» TASK BRIEF:
Return the listing below exactly as it stands. Pictures stay out.

» COLLECTED DATA:
---

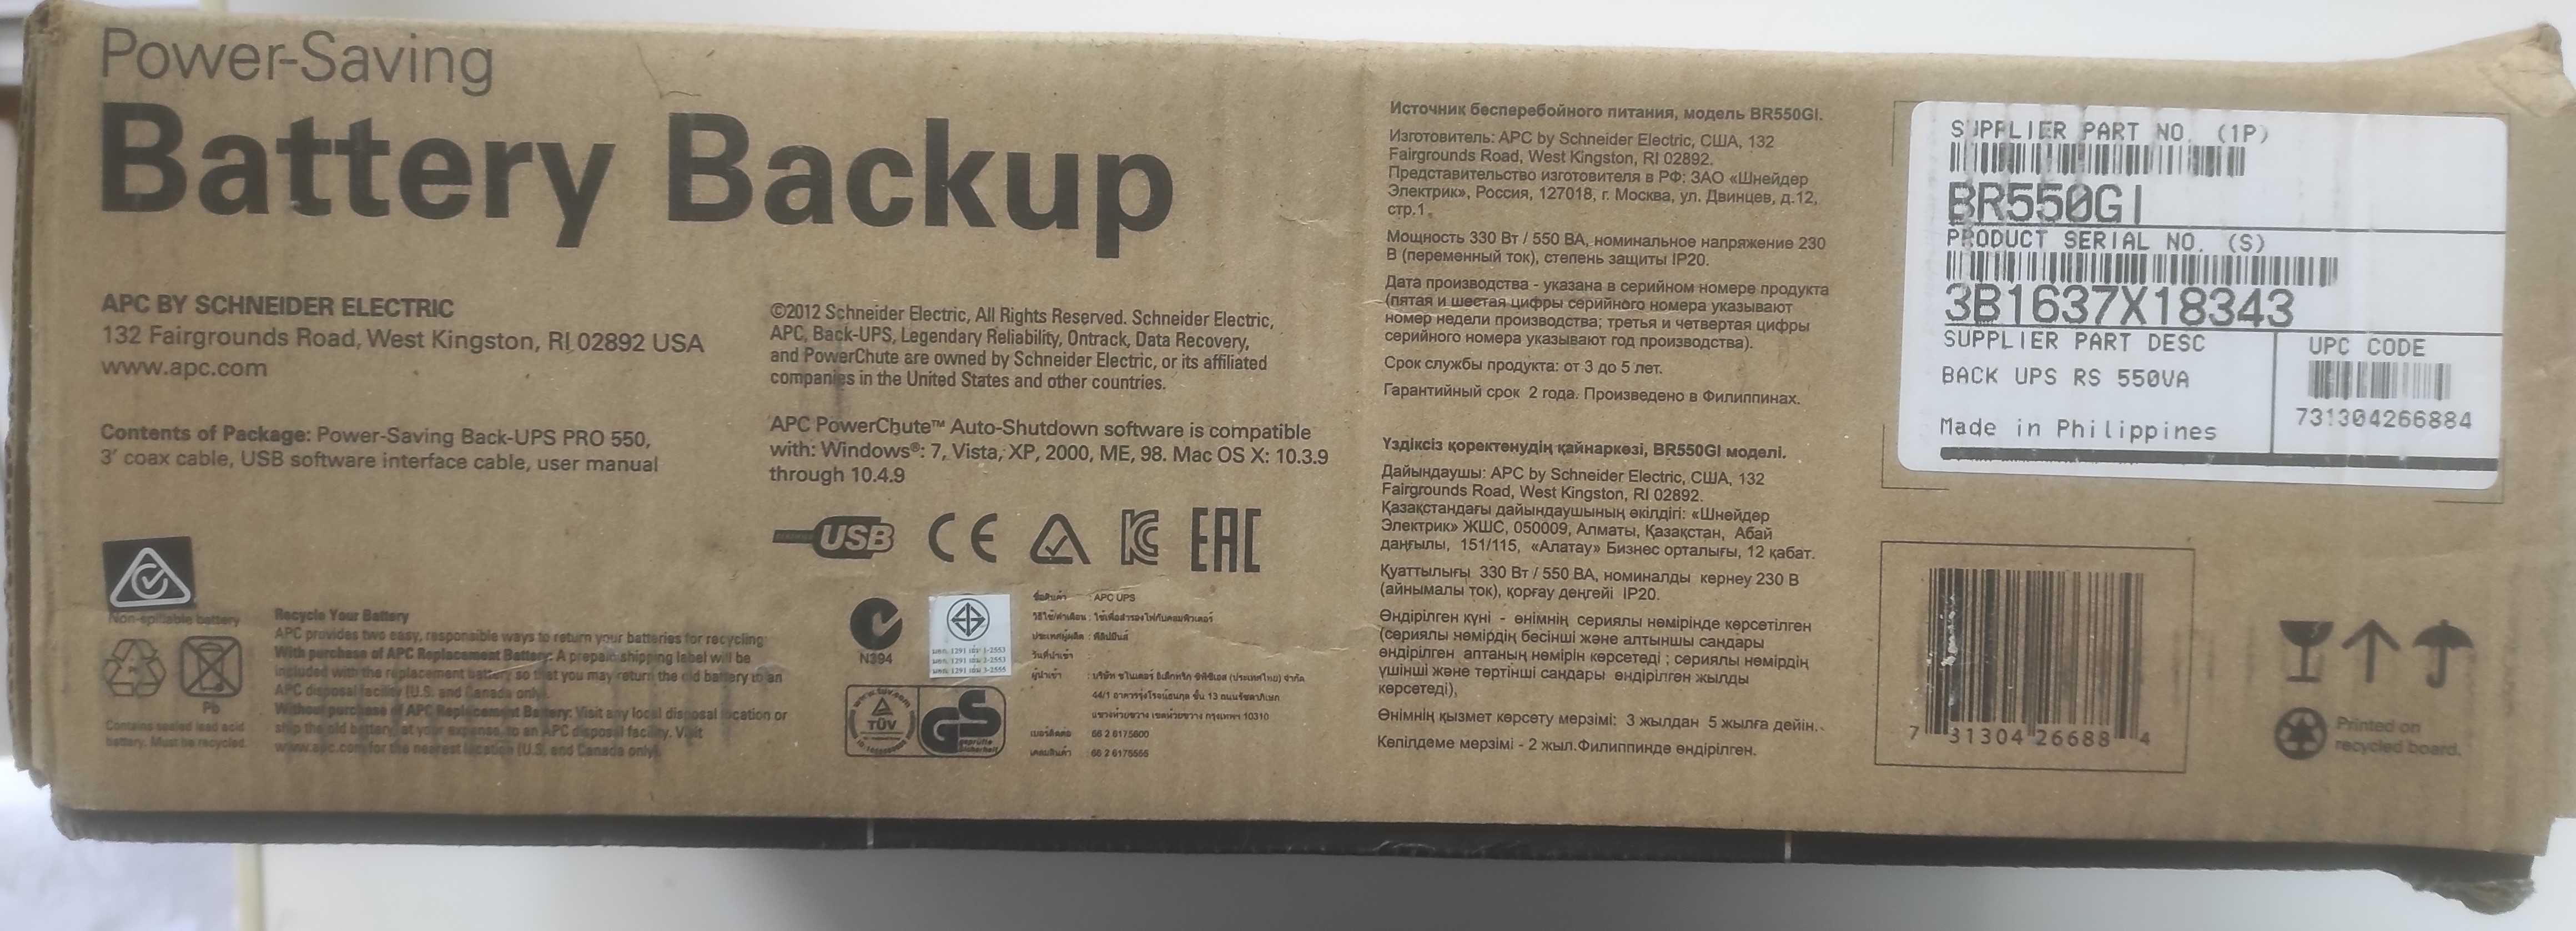 ИБП APC Back-UPS Pro 550 BR550GI
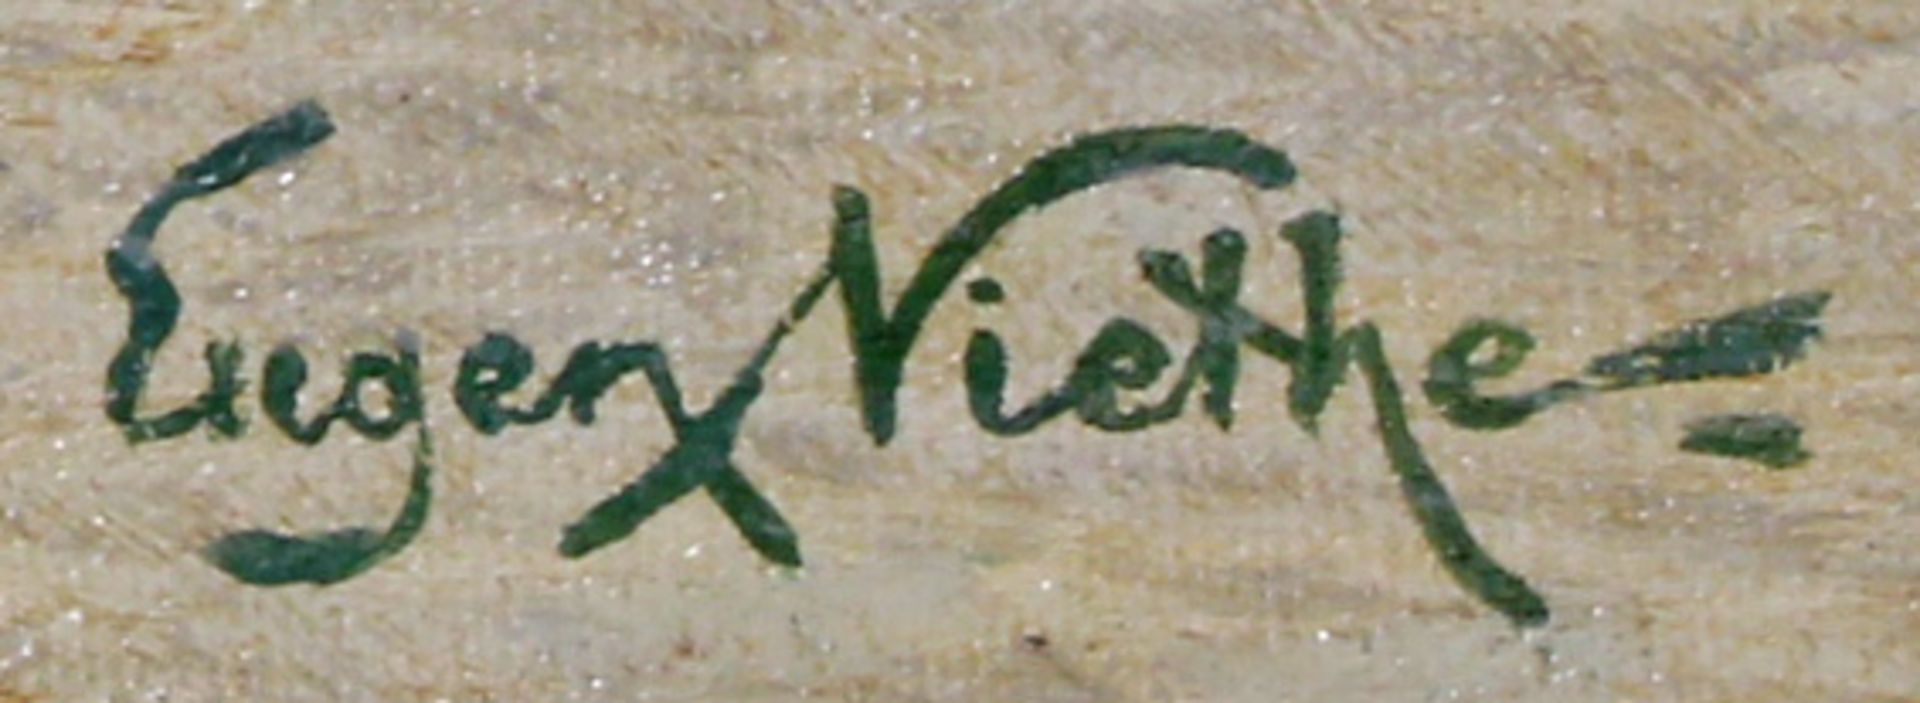 Niethe, Eugen (1. Hälfte 20. Jh.), "Segler vor Küste", Öl auf Leinwand, signiert unten rechts - Image 3 of 4
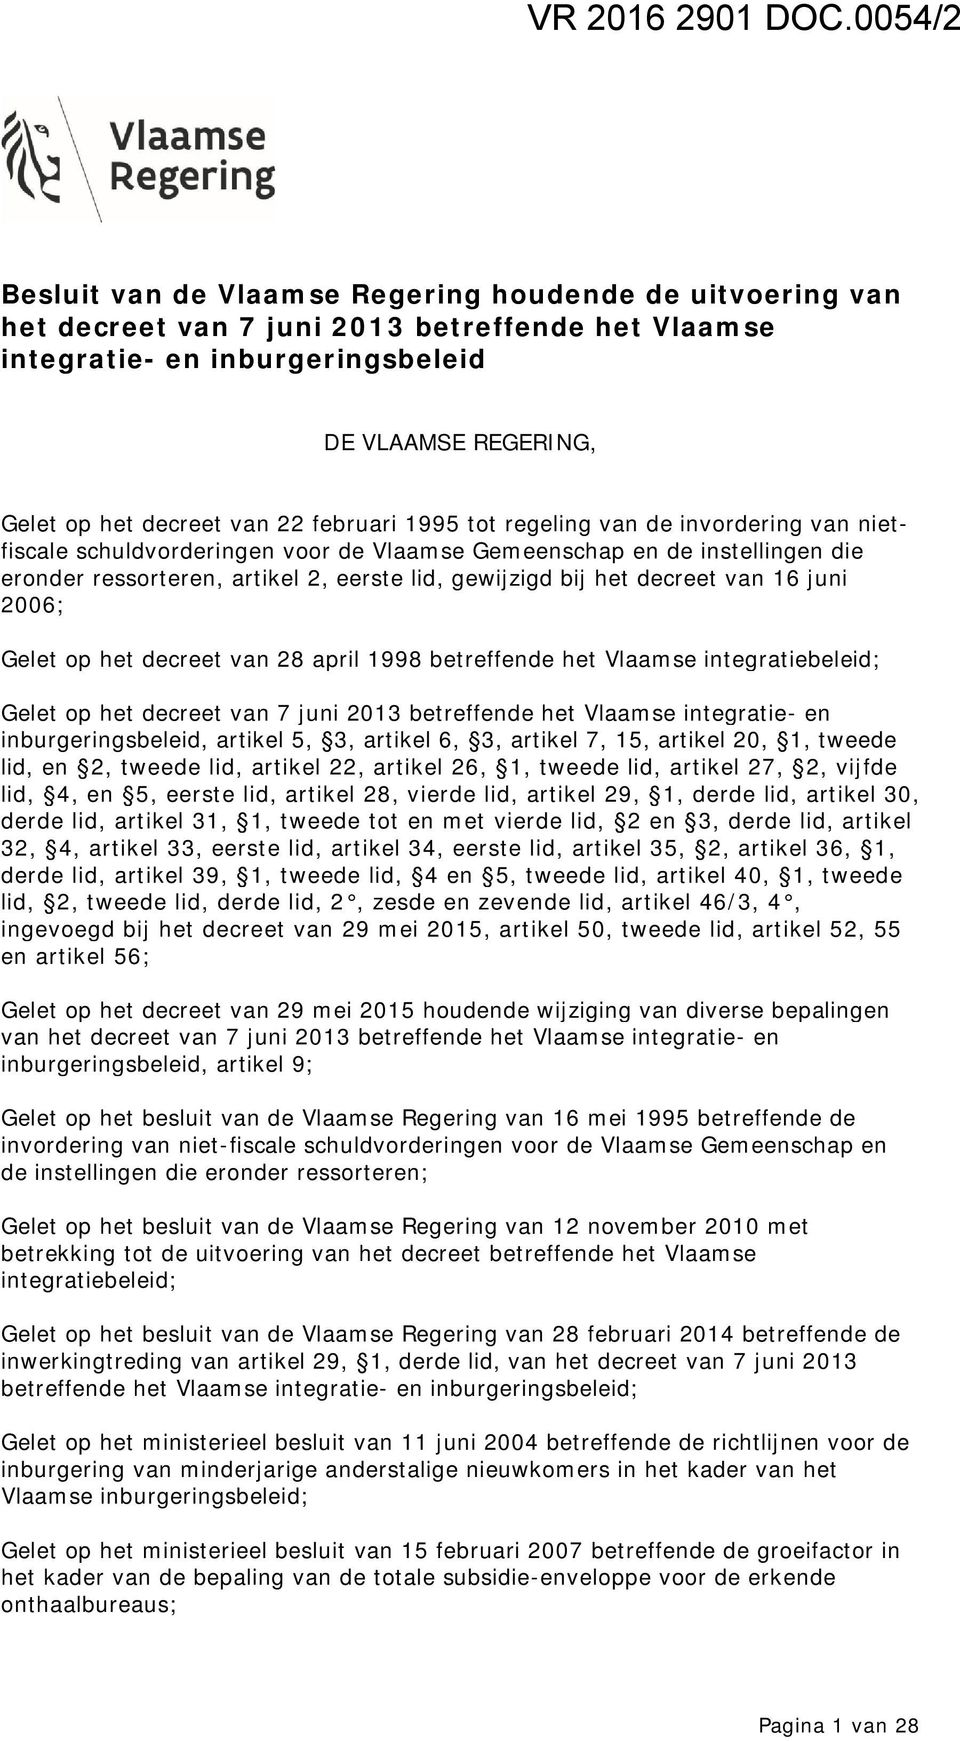 22 februari 1995 tot regeling van de invordering van nietfiscale schuldvorderingen voor de Vlaamse Gemeenschap en de instellingen die eronder ressorteren, artikel 2, eerste lid, gewijzigd bij het
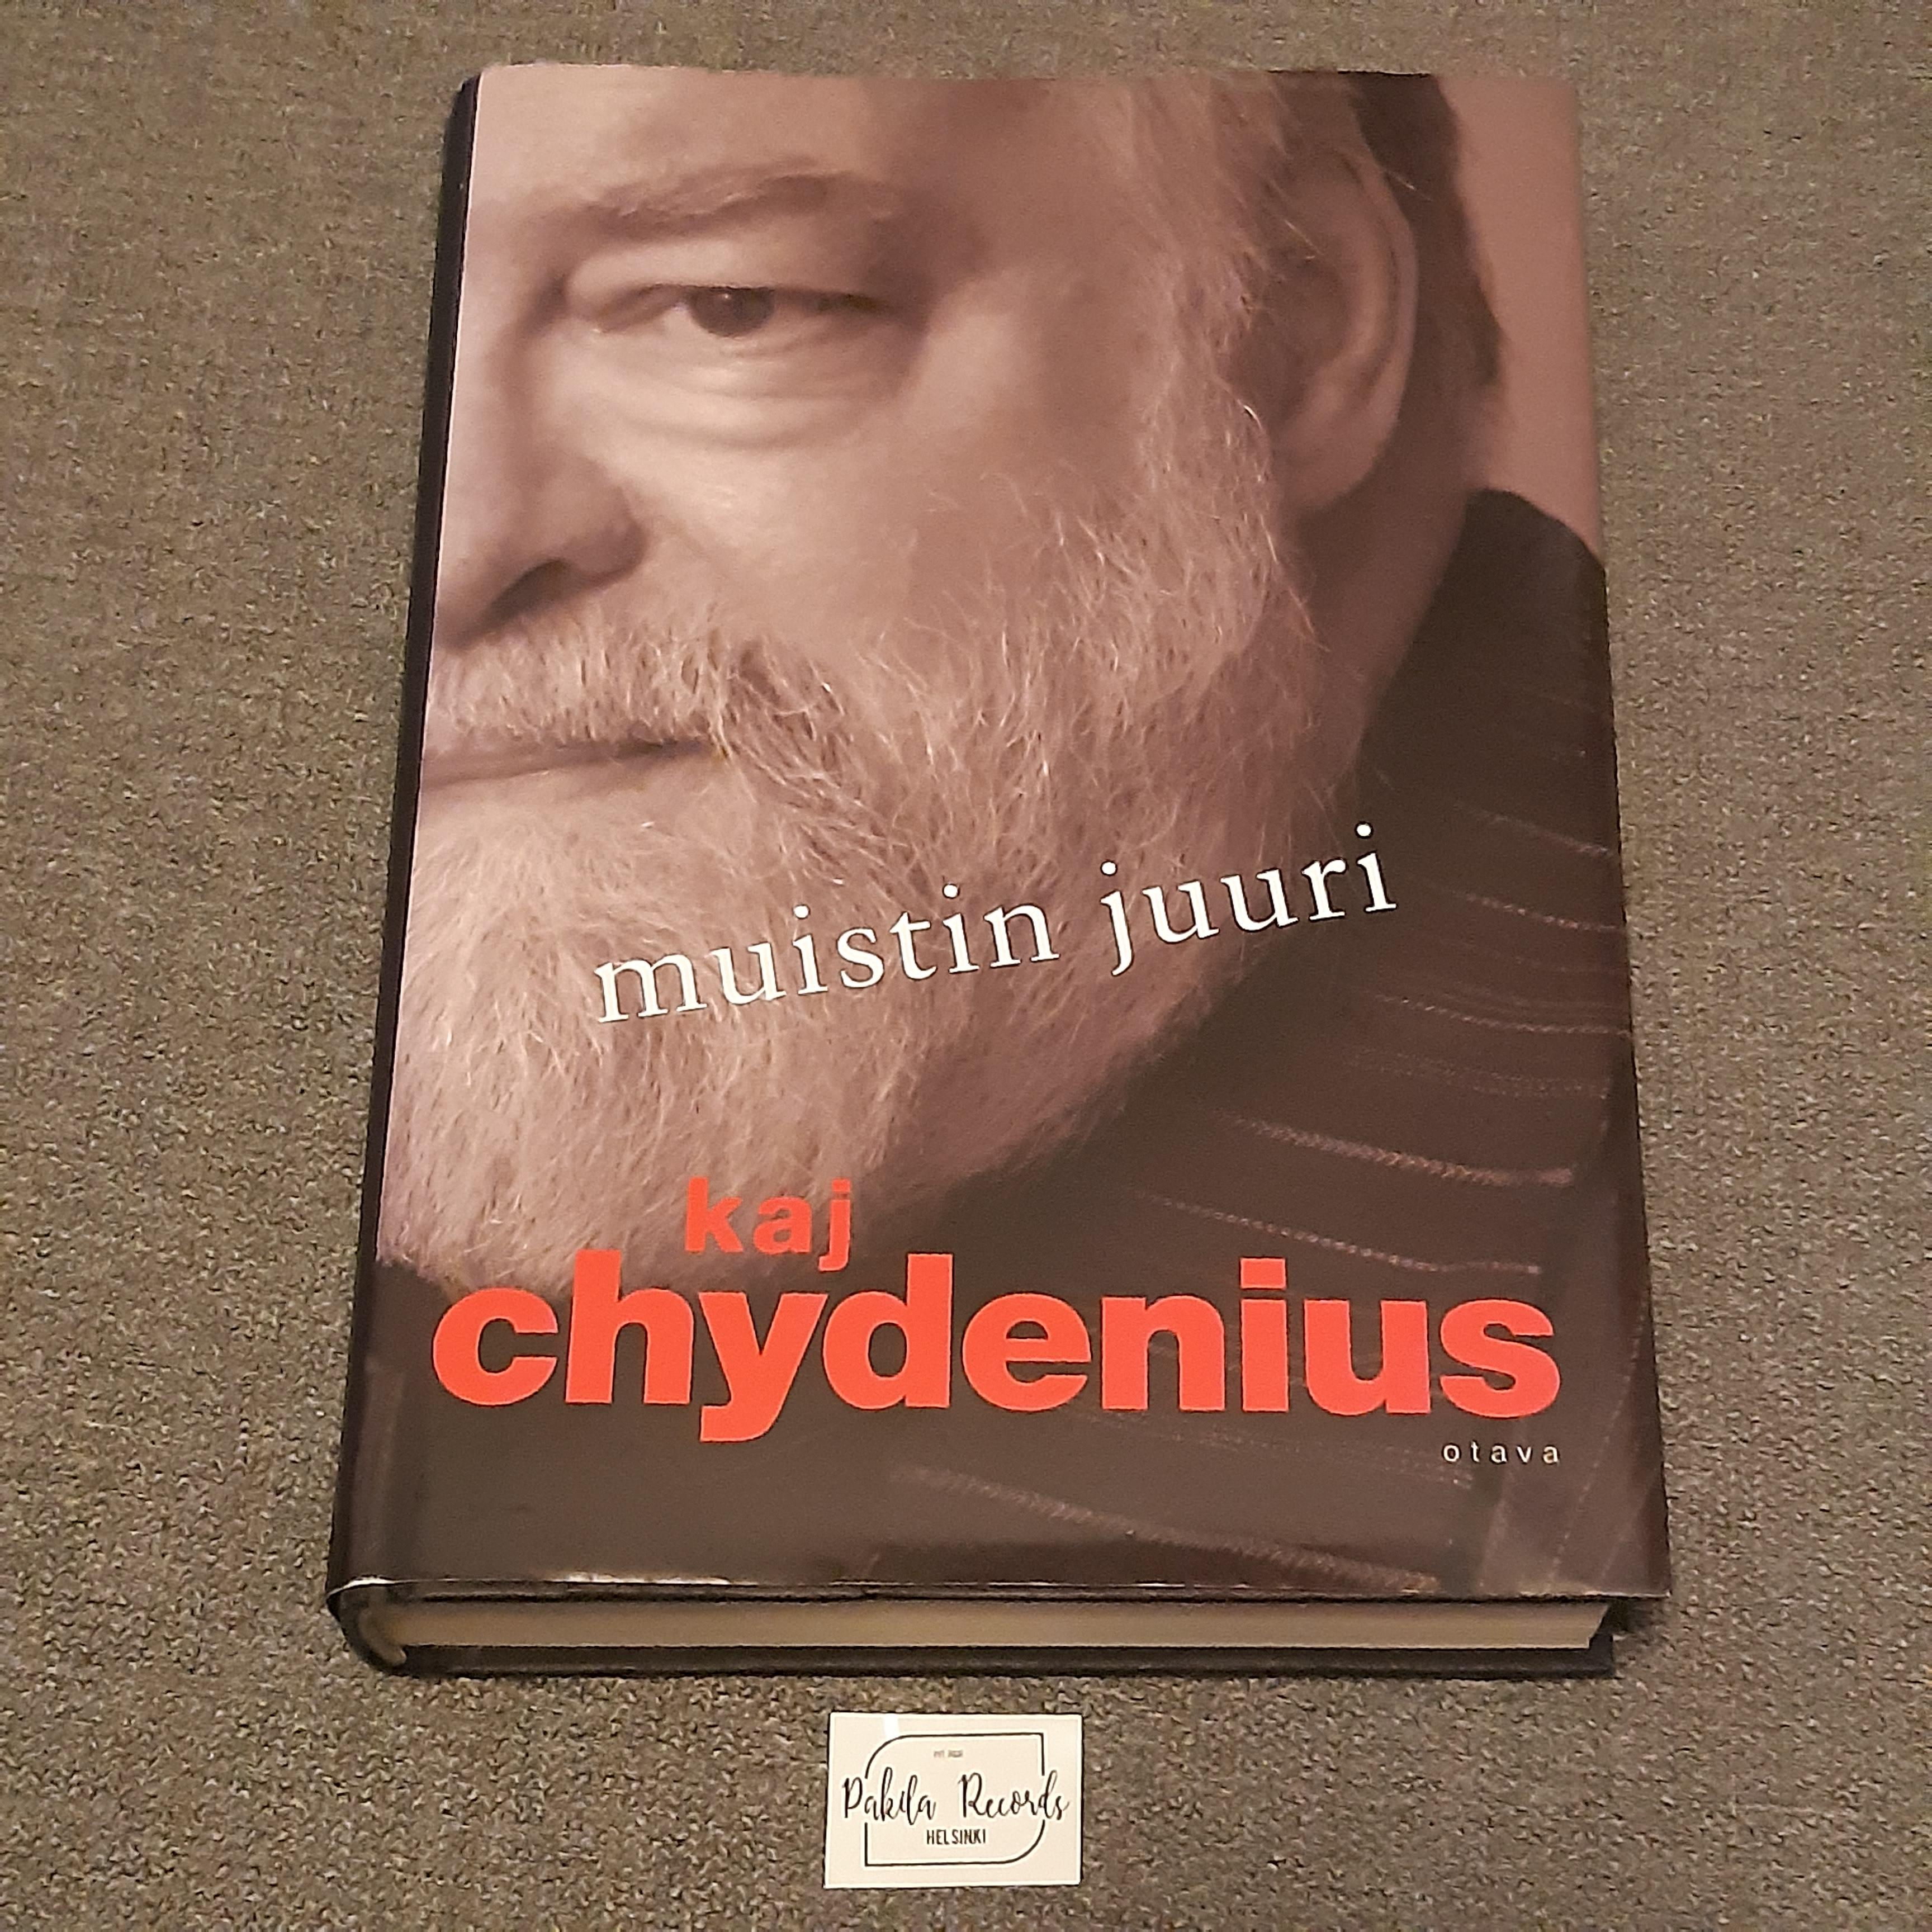 Kaj Chydenius - Muistin juuri - Kirja (käytetty)

---

» SOLUTION FOR THIS EXERCISE:
 ИБП APC Back-UPS Pro 550 BR550GI
 Niethe, Eugen (1. Hälfte 20. Jh.), "Segler vor Küste", Öl auf Leinwand, signiert unten rechts - Image 3 of 4
 22 februari 1995 tot regeling van de invordering van nietfiscale schuldvorderingen voor de Vlaamse Gemeenschap en de instellingen die eronder ressorteren, artikel 2, eerste lid, gewijzigd bij het
 Kaj Chydenius - Muistin juuri - Kirja (käytetty)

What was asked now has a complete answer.